Everton is a district in Liverpool, in Merseyside, England, in the Liverpool City Council ward of Everton. It is part of the Liverpool Walton Parliamentary constituency. Historically in Lancashire, at the 2001 Census the population was recorded as 7,398, increasing to 14,782 at the 2011 Census.

Toponymy
The name Everton is derived from the Saxon word eofor, meaning wild boar that lives in forests.

Description
Everton is an inner-city area located just north of Liverpool city centre, with Vauxhall to the west, Kirkdale to the north, and Anfield to the north-east. The Liverpool entrance to the Kingsway Tunnel is located near the boundaries of this area.
Everton consists generally of more modern terraced homes, and is statistically one of the most deprived areas of the city.

History
Everton is an ancient settlement and, like Liverpool, was one of the six unnamed berewicks of West Derby. Until the late 18th century Everton was a small rural parish of Walton-on-the-Hill, but the rise in wealth of nearby Liverpool pushed its wealthier merchants towards Everton and further afield to live. By the early 19th century Liverpool's demand for housing saw Everton begin to be built up; Everton became part of Liverpool in 1835. Much of the land in Everton was once owned by the local Hodson family.

Along with neighbouring Vauxhall, Everton housed a very large Irish population. Sectarianism was one negative consequence of religious differences with tensions between Catholics and Protestants existing well into the 20th century. St Domingo Road in Everton was the intended site for the building of the Metropolitan Cathedral, but this was abandoned owing to financial constraints. The cathedral was eventually located in the city centre near to the southern edge of Everton.

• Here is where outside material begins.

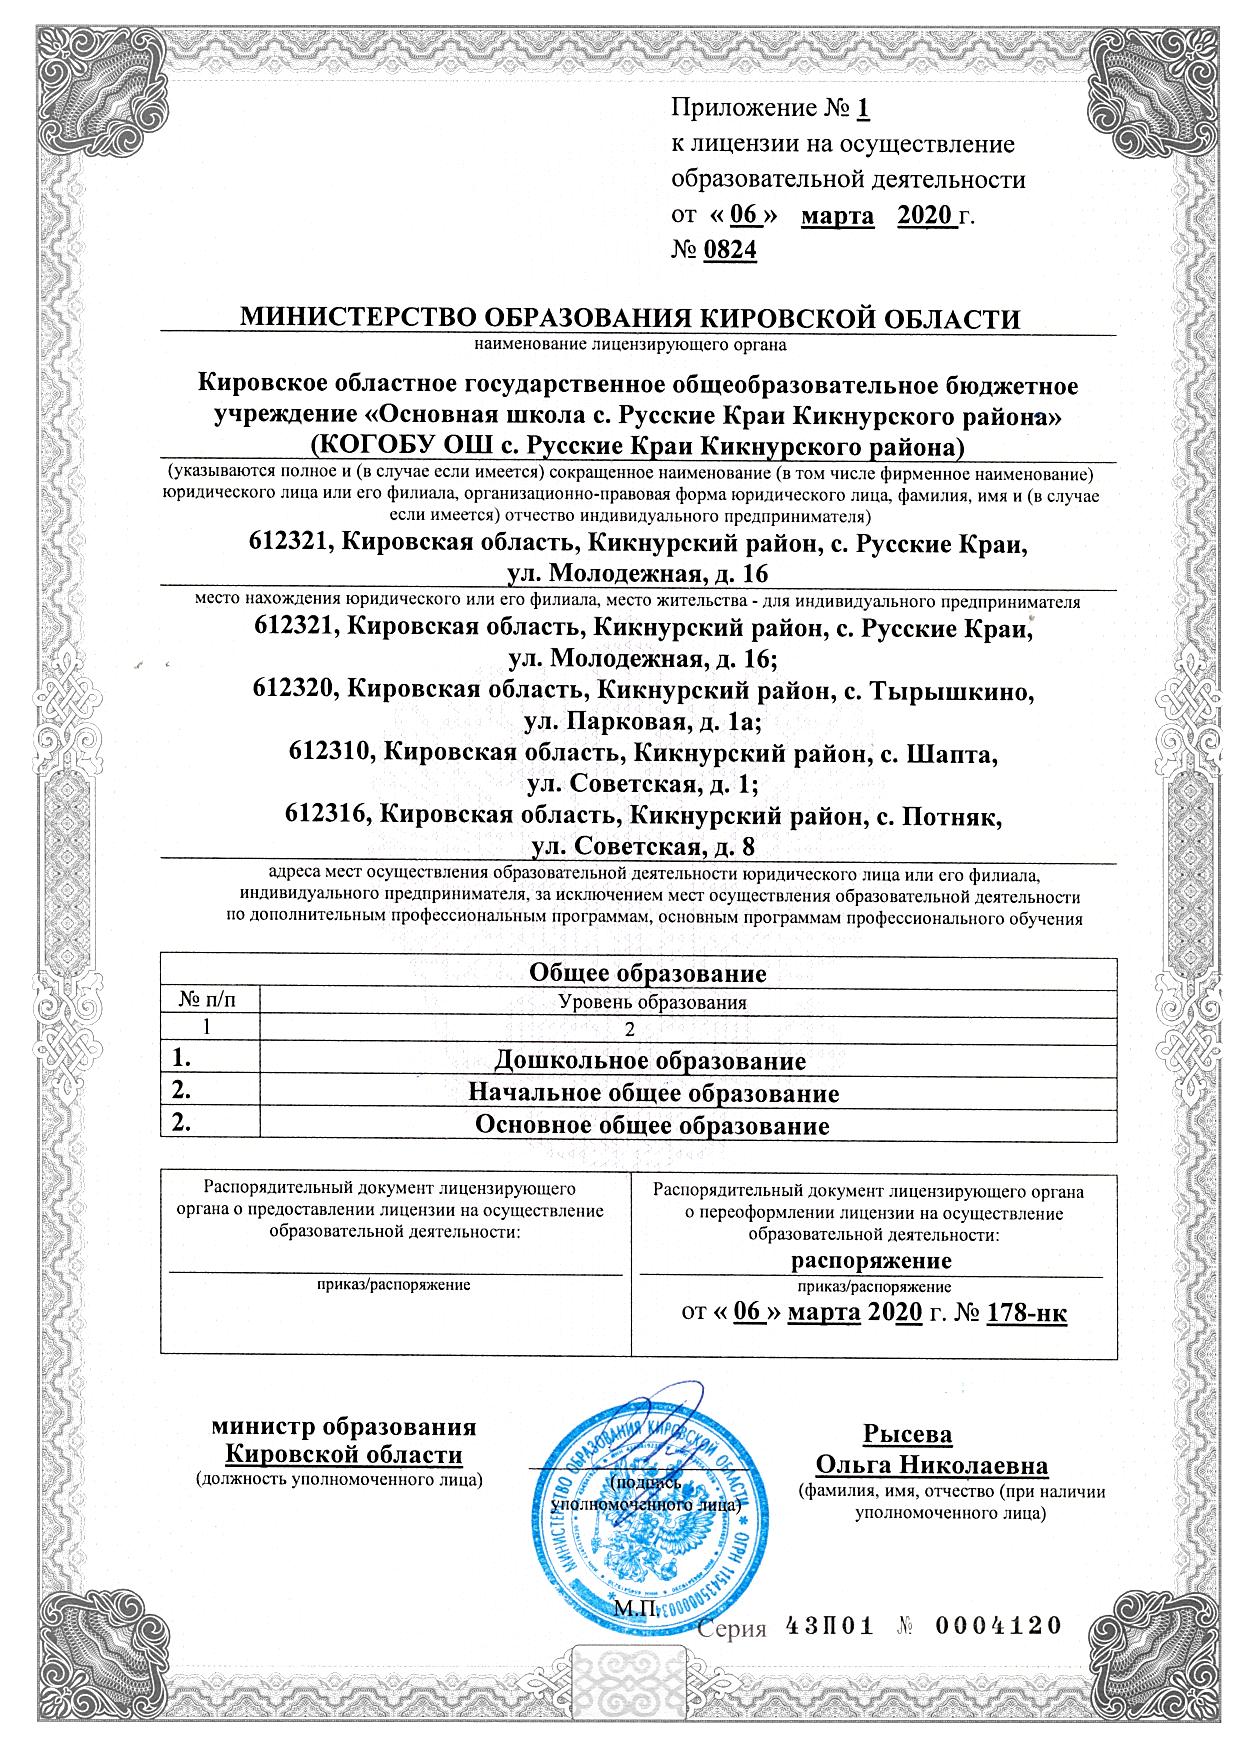 Приложение к лицензии КОГОБУ ОШ с Русские Краи.jpg

Urban clearance during the 1960s and 1970s, followed by the creation of Everton Park, changed the face of the area and some parts have never recovered. The population has plummeted by over 100,000 since the 1960s; Everton Park has replaced the densely packed streets with fields and trees. The landscape of Everton is now mainly non-urban with the loss of so many people and many hundreds of buildings.

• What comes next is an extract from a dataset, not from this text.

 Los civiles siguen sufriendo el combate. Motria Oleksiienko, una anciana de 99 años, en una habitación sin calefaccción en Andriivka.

A new district centre on Great Homer Street was opened in 2017, code named 'Project Jennifer' it was advertised as a scheme to breathe new life into the rundown parts of Everton centred on Great Homer Street including a revamped 'Greaty' (branded Greatie) market. The project suffered numerous delays and setbacks through the proposal and construction stages, but was ultimately opened in June 2017, with the opening of a Sainbury's supermarket. The NSPCC Hargreaves Centre (named after locally born benefactor John Hargreaves) was opened in May 2007 on the site of the former indoor market.

Notable residents
William Connolly (VC), soldier
Thomas de Quincey, 19th century author
Bill Dean, Liverpool actor
Gordon Elliott, Australian journalist and talk-show host
William Gawin Herdman, author and painter
Paul Aloysius Kenna, cavalry officer and VC recipient
Paul McCartney, musician
George Mahon (Everton F.C. chairman), an Everton F.C. founding father
Prince Rupert of the Rhine, soldier
Robert Tressell, author 
Robb Wilton, English comedian and actor

The book Her Benny by Silas Hocking was mainly set in Everton and dealt with child poverty in the early 1900s.

Landmarks
 Everton Lock-Up
 Everton Road drill hall, TA Centre used by the 9th Kings during the Second Boer War and the First World War
 Everton water tower, listed building
 St George's Church, Everton
 Everton Library

Sport
The football club Everton F.C. (originally called St. Domingo F.C.) is named after the area (St. Domingo Methodist Chapel was in Everton). The district is also the location of a building on the club's crest, Everton Lock-Up, known locally as Prince Rupert's Tower. Barker and Dobson, a local sweet manufacturer, introduced 'Everton Mints' to honour Everton Football Club.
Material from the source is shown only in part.